Problem statement »
Would you set down the data that follows, word for word, without any pictures?

#### Given material

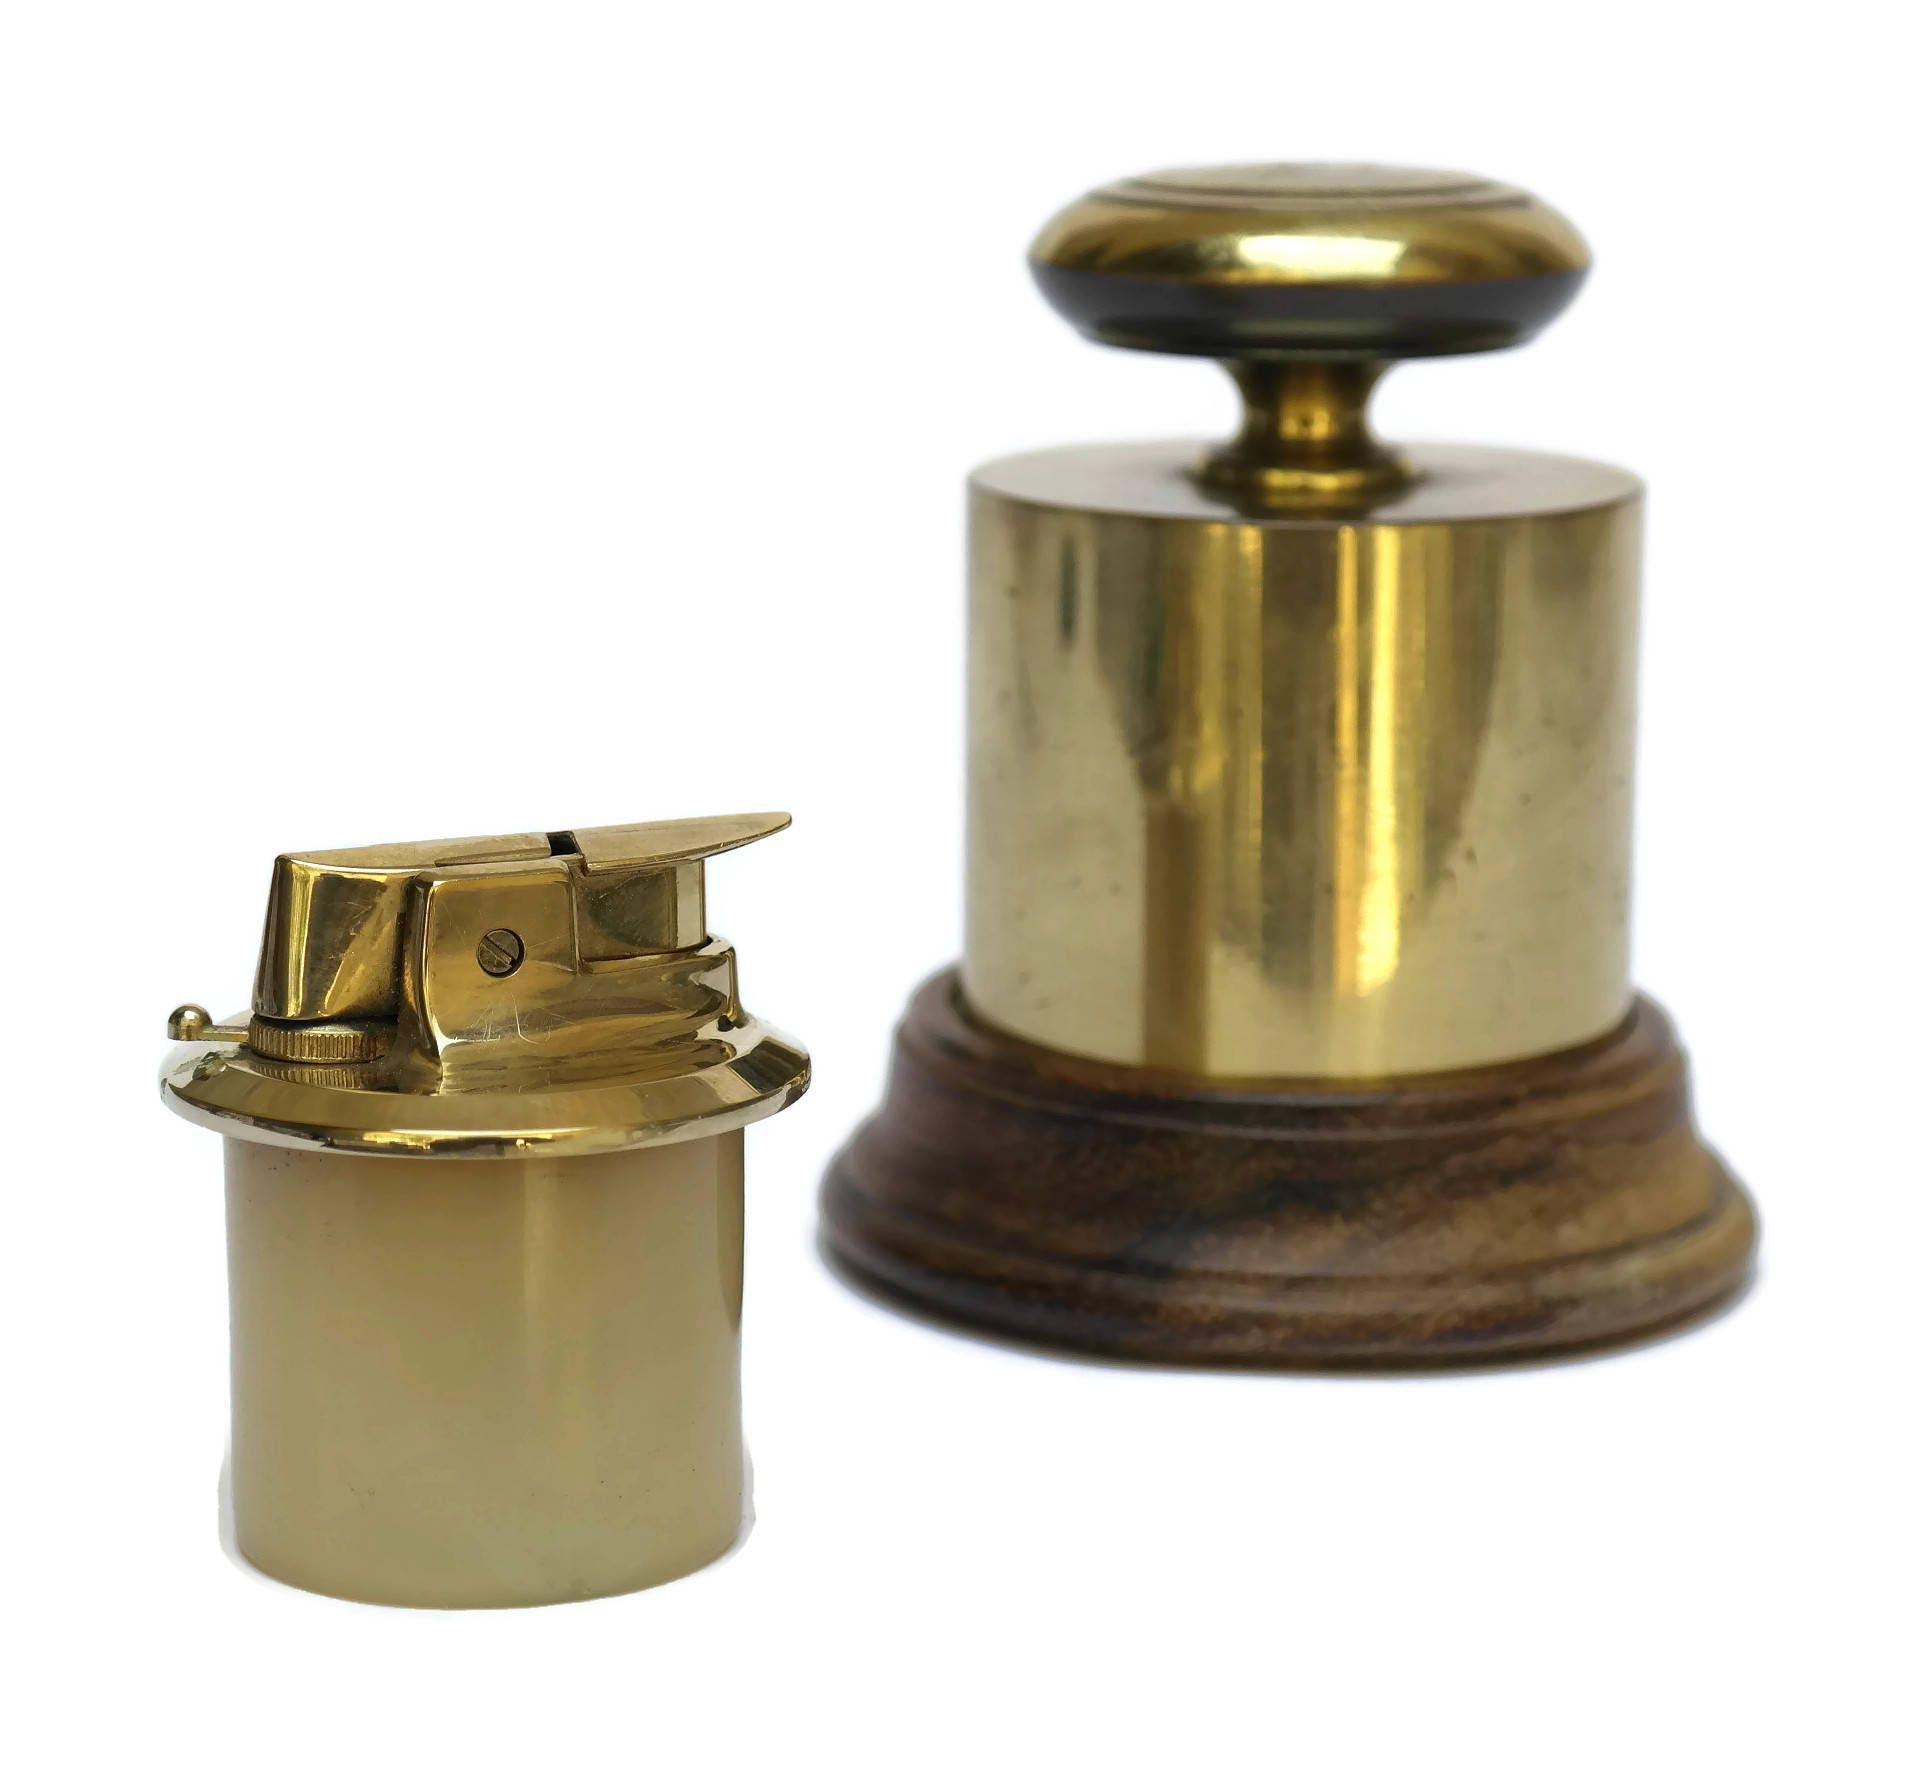 Vintage Lighter. Vintage Brass Weight Cigarette Lighter with Wooden Base.
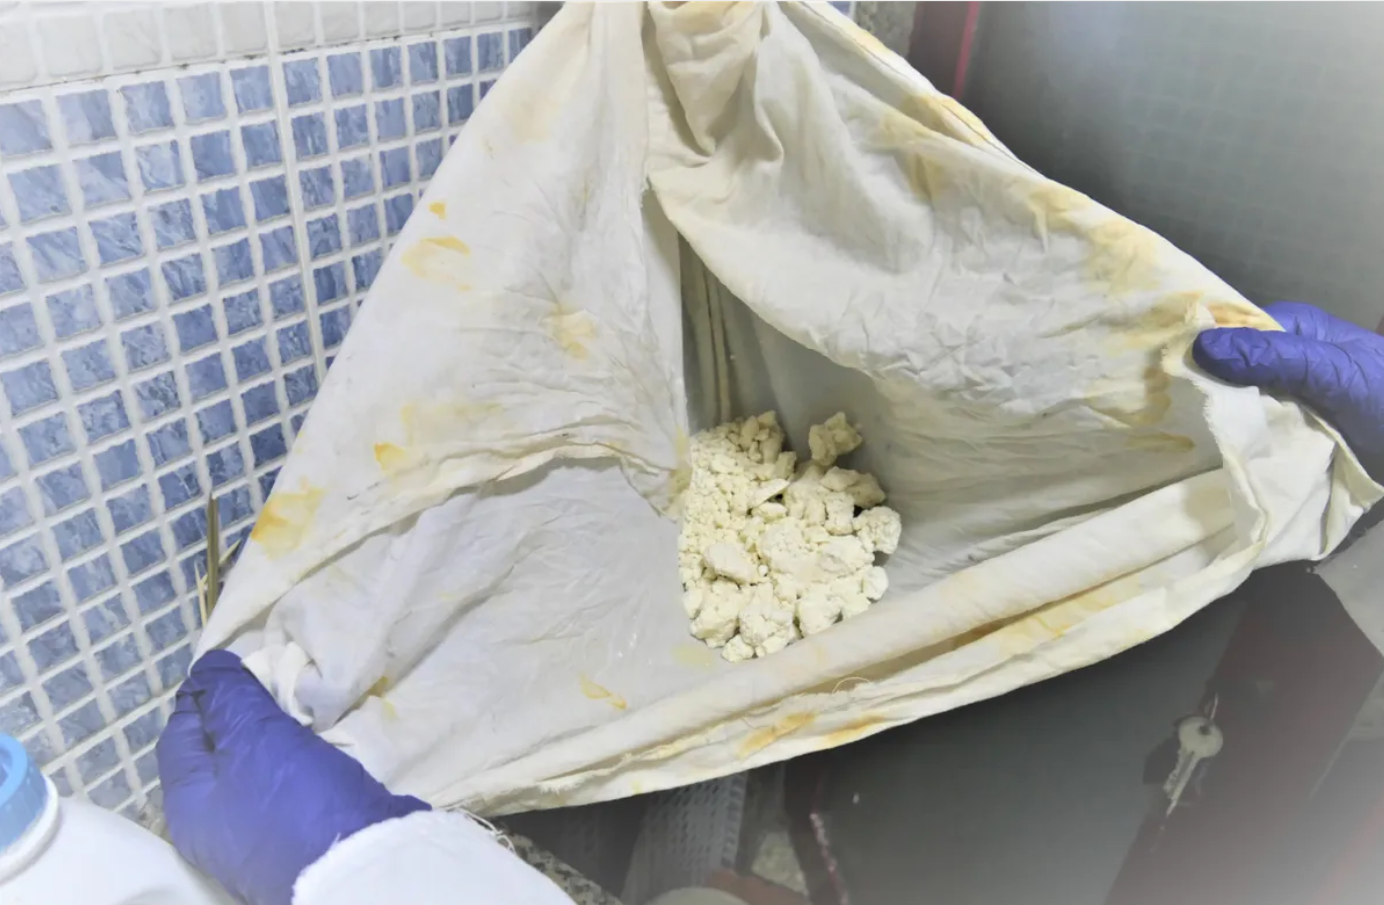 Brasileiros comandavam laboratório de cocaína em Portugal que faturava R$ 52 milhões por semana
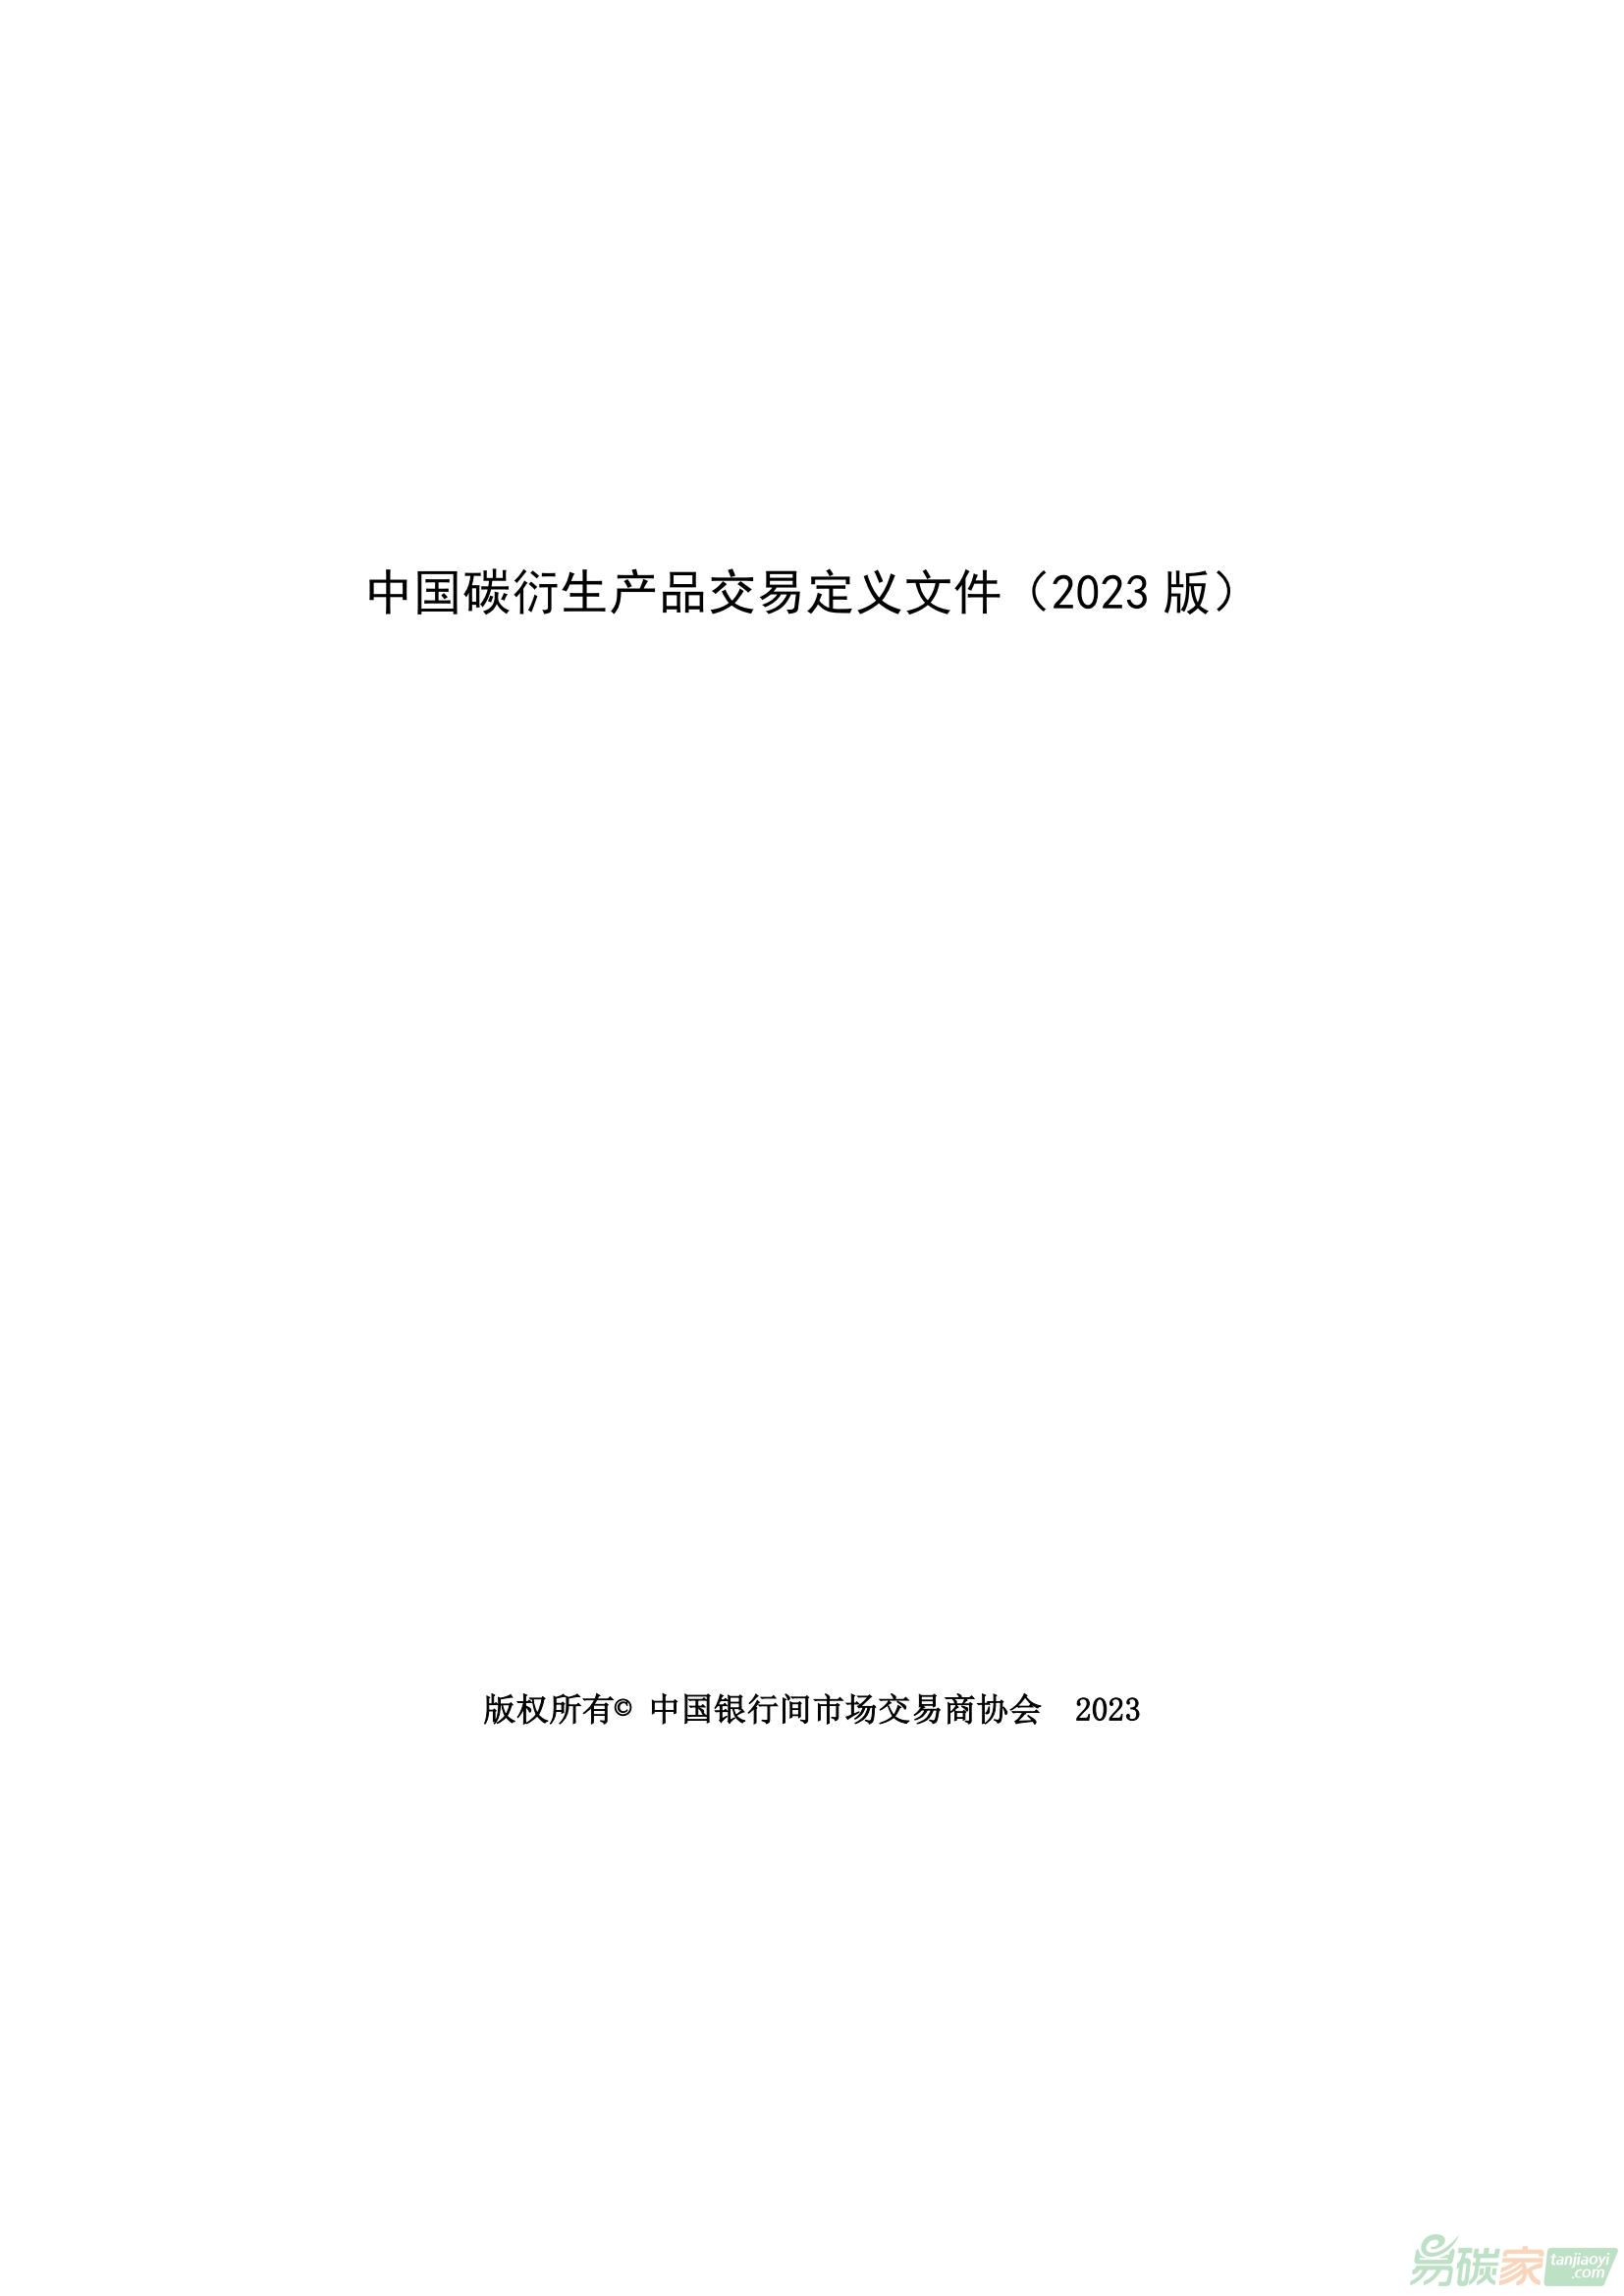 关于发布《中国碳衍生产品交易定义文件（2023年版）》的公告【〔2023〕25号】

########

Your solution »
 Vintage Lighter. Vintage Brass Weight Cigarette Lighter with Wooden Base.
 Brasileiros comandavam laboratório de cocaína em Portugal que faturava R$ 52 milhões por semana
 关于发布《中国碳衍生产品交易定义文件（2023年版）》的公告【〔2023〕25号】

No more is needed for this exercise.